The output of each network studied in Sections 2.1, 2.2, 2.3 was a slice‐by‐slice classification of each contour present on a given slice. No restrictions were placed on the output of the networks, meaning that more than one contour on a given slice could be assigned to the same class. Ultimately, the output of the networks was used to assign a class to an entire ROI (composed of multiple contours on multiple slices). For each slice in a structure, we perform classification on the given slice and consider the class selected by the algorithm as a “vote” in favor of that particular structure. The structure with the most overall votes is considered the winner.
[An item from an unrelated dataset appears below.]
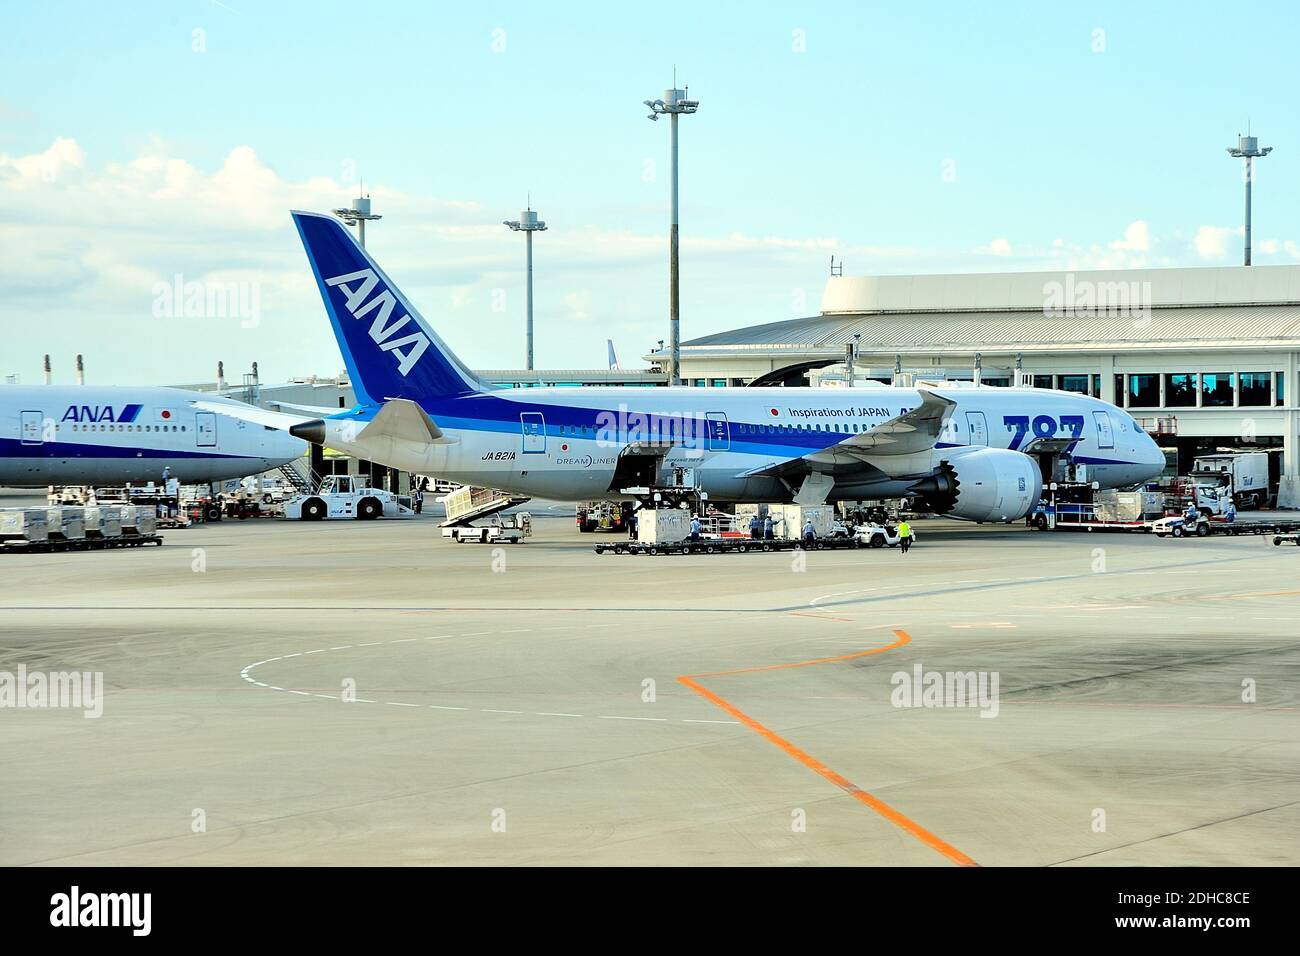 All Nippon Airways, ANA, Boeing, B-787-8, JA821A, At Gate, Naha Airport, Naha, Okinawa, Ryukyu Islands, Japan Stock Photo

Owing to the large number of networks described in the methods, Table 2 has been provided with a brief summary with an abbreviated nomenclature scheme, which will be referred to in all subsequent text.

TABLE 2

Summary of networks tested

Network	Description
PU	Position along axial plane only, unnormalized
PU‐32	Position along axial plane only, unnormalized, with 32‐node hidden layer
PN	Position along axial plane only, normalized (nonanatomical)
PN‐32	Position along axial plane only, normalized (nonanatomical), with 32‐node hidden layer
PN‐32Z	Position in three dimensions, normalized (nonanatomical), with 32‐node hidden layer
PA‐32Z	Position in three dimensions, anatomically normalized, with 32‐node hidden layer
SS	Segmentation‐only using a single slice image
SM	Segmentation‐only using three consecutive images
CNS	Combined position‐segmentation classifier, normalized (nonanatomical), slice‐by‐slice classification
CNV	Combined position‐segmentation classifier, normalized (nonanatomical), after application of the voting algorithm
CAS‐B	Combined position‐segmentation classifier, anatomically normalized to the brain, slice‐by‐slice classification
CAS‐E	Combined position‐segmentation classifier, anatomically normalized to the eyes and brainstem, slice‐by‐slice classification
CAV‐B	Combined position‐segmentation classifier, anatomically normalized to the brain, after application of the voting algorithm
CAV‐E	Combined position‐segmentation classifier, anatomically normalized to the eyes and brainstem, after application of the voting algorithm

Summary of networks tested

Robustness testing

To test the robustness of the network against missing slices of contoured structures, 34 patients were selected at random from the test set. For each patient, a single organ was selected and a single slice from the organ was removed from the dataset with each organ being selected exactly twice. The remaining slices were then classified using our network, with arrays of zeroes filling in the missing slices. In this instance, the entire structure is classified slice‐by‐slice as per section 2.3 using the brain anatomically normalized network, and then the voting algorithm is applied to create a single classification as per Section 2.4.

RESULTS

Results for the position‐based classifier are sufficiently inferior that only the total accuracy statistics (i.e., percentage of correctly classified contours out of the total number of contours in the test set) on a slice‐by‐slice basis are reported. Figure 2 shows the performance of all of the position‐based classifiers described in Section 2.1. Total accuracy is plotted as a function of epoch. Unnormalized coordinates with no hidden layers (PU, green) achieved a total accuracy of 18.1% in the final epoch on the validation set. The inclusion of a 32‐node hidden layer (PU‐32, blue) only improved the results to 21.1%. For perspective, guessing randomly with equal probability of each class would result in total accuracy of 5.8%, and guessing randomly with probability proportional to the number of slices of each class would achieve a total accuracy of 13.1%. Normalizing the coordinates, without including a hidden layer improved the total accuracy to 28.4% (PN, red); adding a hidden layer with the normalized coordinates improved the total accuracy to 34.8% (PN‐32, black). Including the normalized z coordinates with a 32‐node hidden layer improved the classification accuracy to 65.5% (PN‐32Z, cyan). Using anatomical normalization of the coordinate system improved total accuracy to 69.5% (PA‐32Z, magenta).

FIGURE 2

Mean accuracy of the position‐based classifier as a function of number of training epochs. (Training accuracy are in solid lines, validation accuracy in dashed lines)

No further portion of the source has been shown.